本作の主人公は天才数学者・櫂直(菅田将暉)。舞台は太平洋戦争開戦前の1933年の日本。日本海軍は、世界に冠たる巨大戦艦か、山本五十六少将(舘ひろし)らが主張する空母を建造するかで対立していた。事態を打開するため、山本少将は、楷に巨大戦艦の建造費精査を依頼する。楷は、機密の壁に阻まれながらも、少ない資料を元に、並外れた知力を振り絞って困難な精査に挑んでいく・・・。
櫂が精査をしていくプロセスは、新製品の開発競争を繰り広げる現代ビジネスドラマのような雰囲気がある。現代視点で戦争に迫っている。菅田将暉演じる櫂は、天才らしいストイックさに加え、粘り強く行動力旺盛であり、反戦への強い想いに溢れている。当時は電卓もない時代であり、鋭い眼光で一心不乱に黒板に向かってチョークを走らせ計算に没頭するシーンは、櫂の並々ならぬ情熱に画面に釘付けになる。

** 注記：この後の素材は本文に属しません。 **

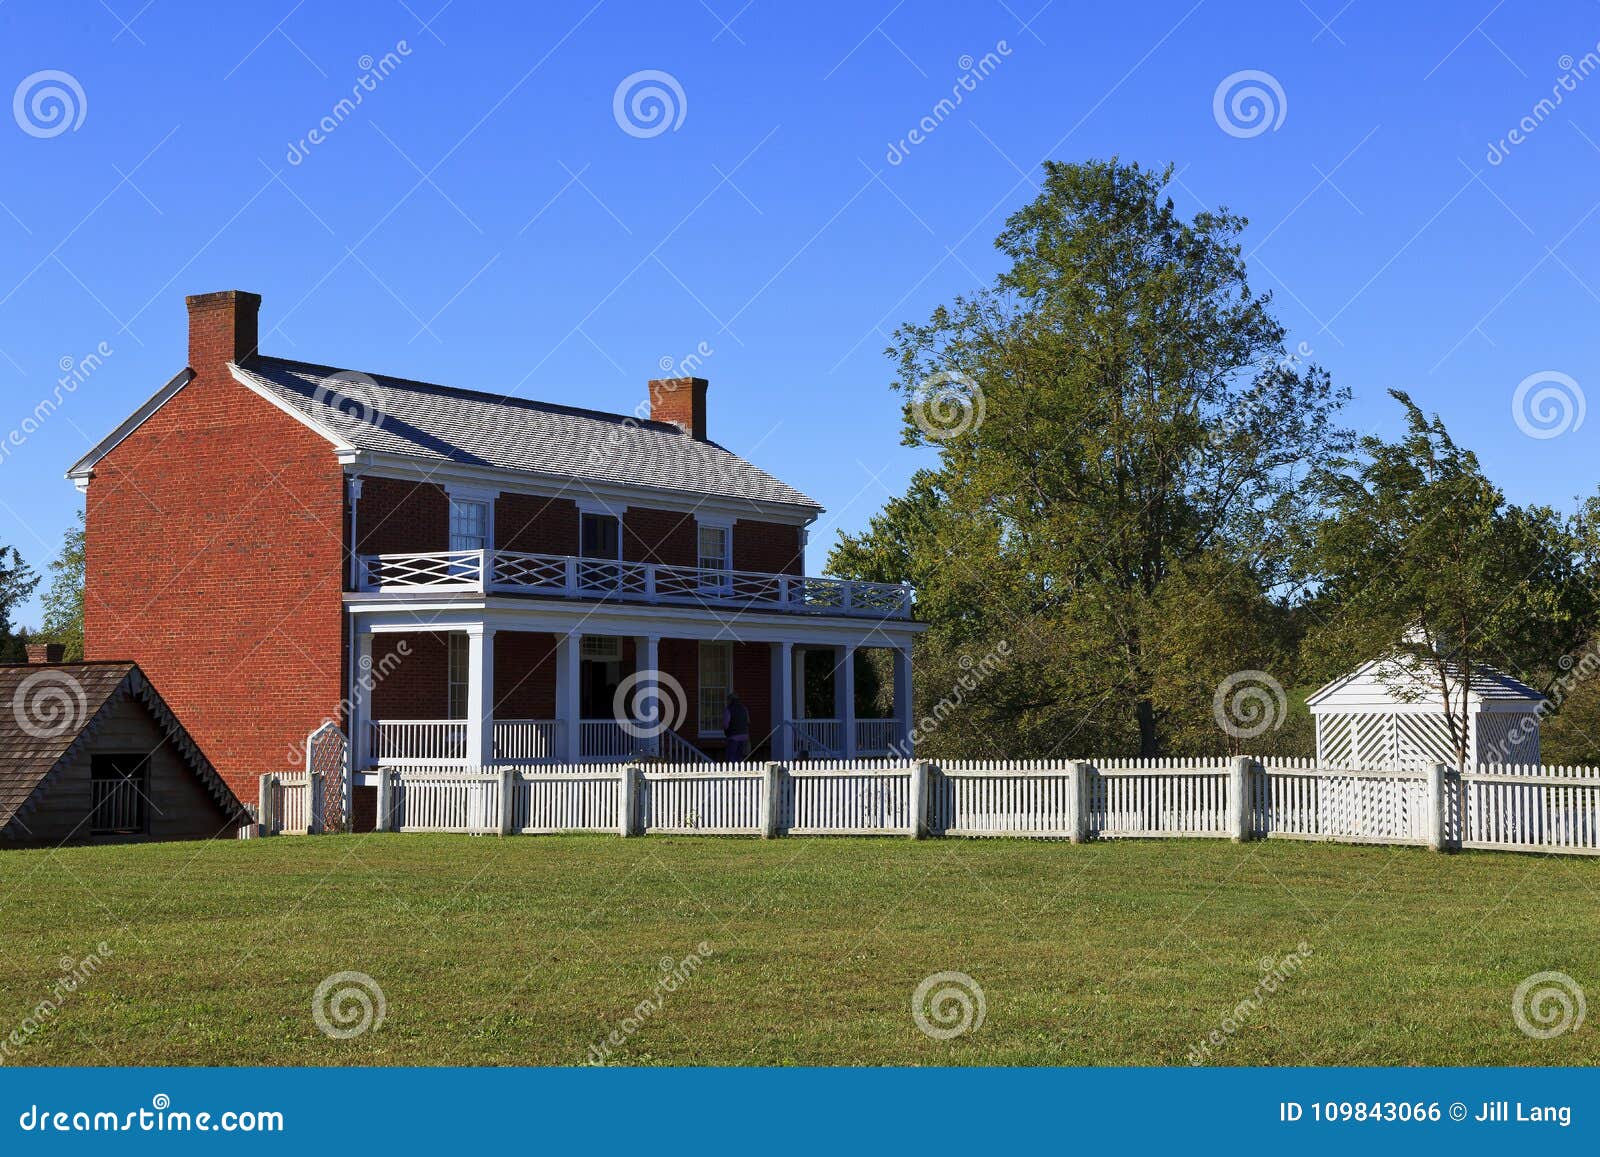 McLean House At Appomattox Court House National Park Stock Photo ...
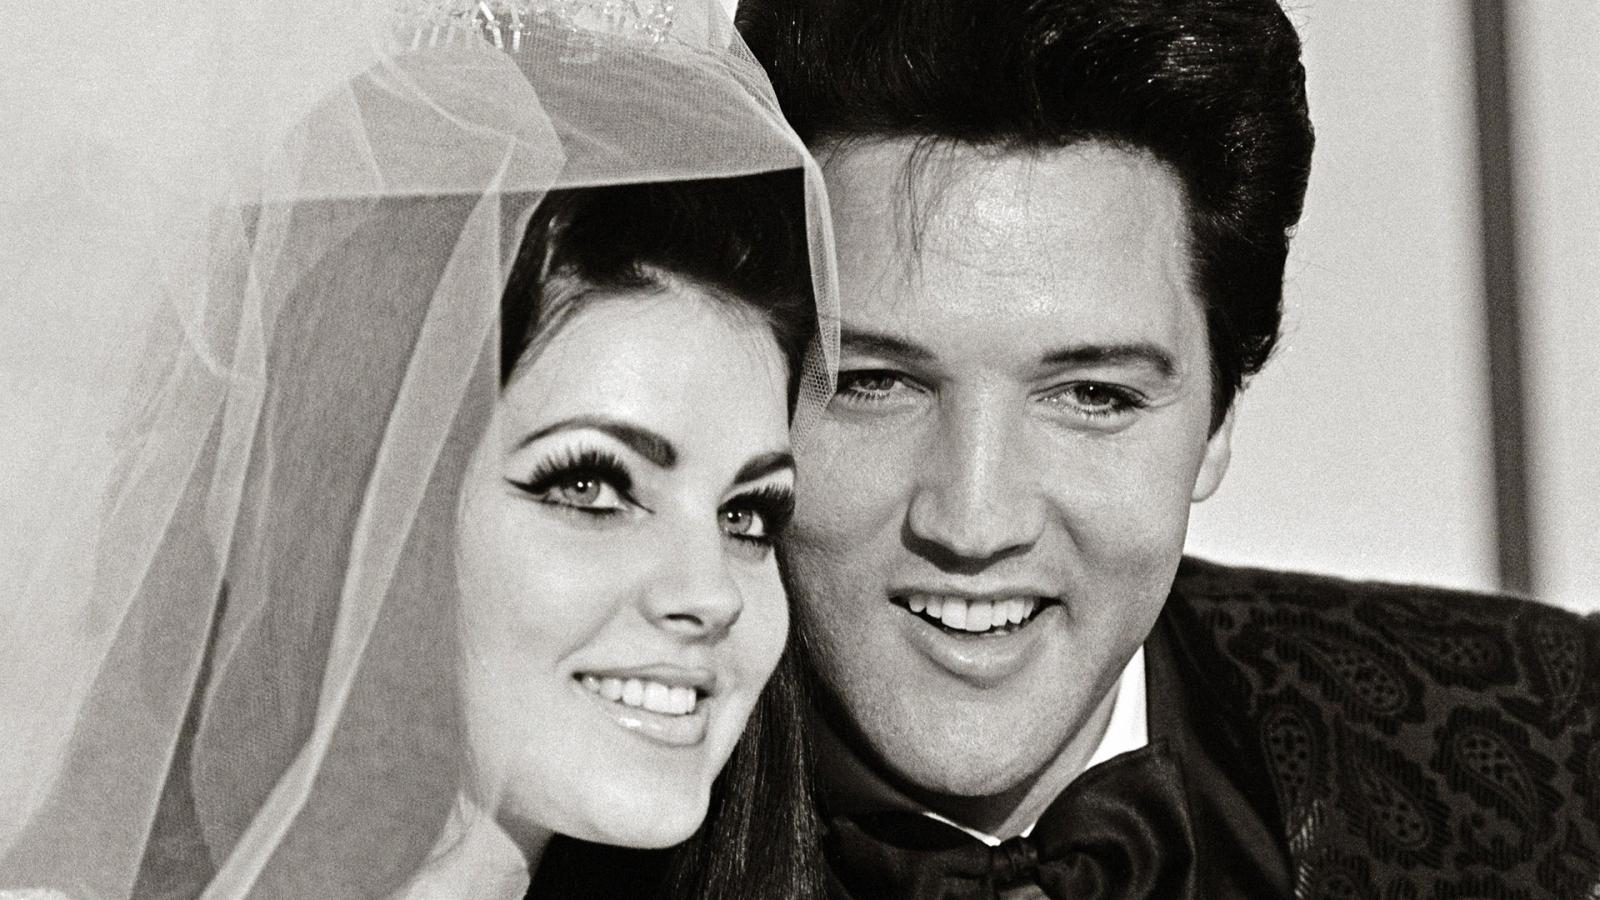 However Scandalous, This Celebrity Romance Was the Biggest Love Story of 20th Century - image 1

物語は、太平洋戦争末期の海戦で始まり、一気に戦前に遡っていく。史実なので、結末は分かっているが、芸達者な役者陣の熱演で二転三転する展開は緊迫感があり、意外な仕掛けもあり先が読めない。
終盤。物語の主役は櫂から戦艦大和に移っていく。作り手の戦艦大和への想いは理解できるが、これでは、せっかくの櫂の存在感が薄れてしまう。櫂中心の物語で結実して欲しかった。終盤の展開で、史実とフィクションのバランスが崩れ、作品のメッセージが不透明になってしまった。
本作は、現代視点で戦争、戦艦大和誕生を捉えており、ユニークで面白かったが、史実を踏まえたフィクションを描くことの難しさを感じた作品だった。